DeLiang Wang (Ohio State University) “Towards Solving the Cocktail Party Problem”
3400 N Charles St
Baltimore, MD 21218
The cocktail party problem, or speech separation, has evaded a solution for decades in speech and audio processing. I have been advocating a new formulation of this old challenge that estimates an ideal time-frequency mask (binary or ratio). This formulation turns the classical signal processing problem into a machine learning problem, and deep neural networks (DNNs) are particularly well-suited for this task due to their representational capacity. I will describe recent algorithms that employ deep learning for supervised speech separation, including speech enhancement and speaker separation. DNN-based mask estimation elevates speech separation performance to new levels, and produces the first demonstration of substantial speech intelligibility improvements for both hearing-impaired and normal-hearing listeners in background interference. These advances represent big strides towards solving the cocktail party problem.

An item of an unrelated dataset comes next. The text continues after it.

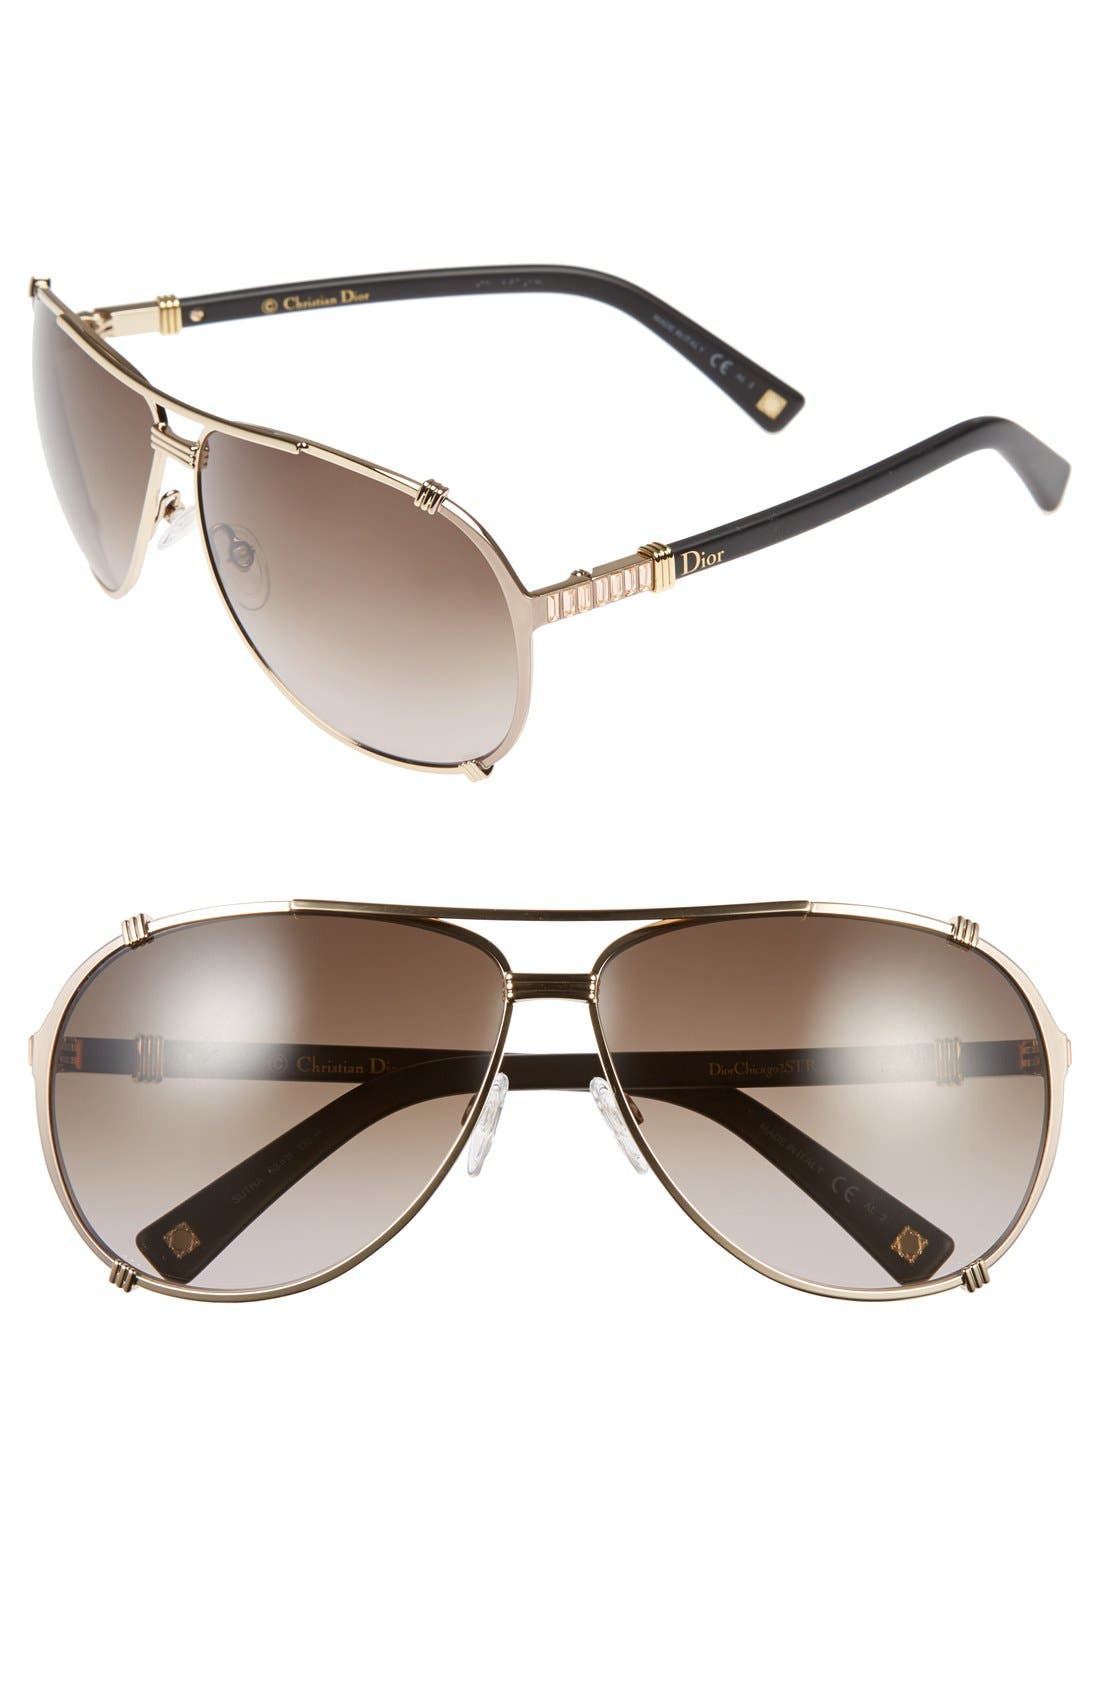 Main Image - Dior 'Chicago 2 Strass' 63mm Aviator Sunglasses

DeLiang Wang received the B.S. degree and the M.S. degree from Peking (Beijing) University and the Ph.D. degree in 1991 from the University of Southern California all in computer science. Since 1991, he has been with the Department of Computer Science & Engineering and the Center for Cognitive and Brain Sciences at The Ohio State University, where he is a Professor and University Distinguished Scholar. He received the U.S. Office of Naval Research Young Investigator Award in 1996, the 2005 Best Paper Award of IEEE Transactions on Neural Networks, and the 2008 Helmholtz Award from the International Neural Network Society. He is an IEEE Fellow and Co-Editor-in-Chief of Neural Networks.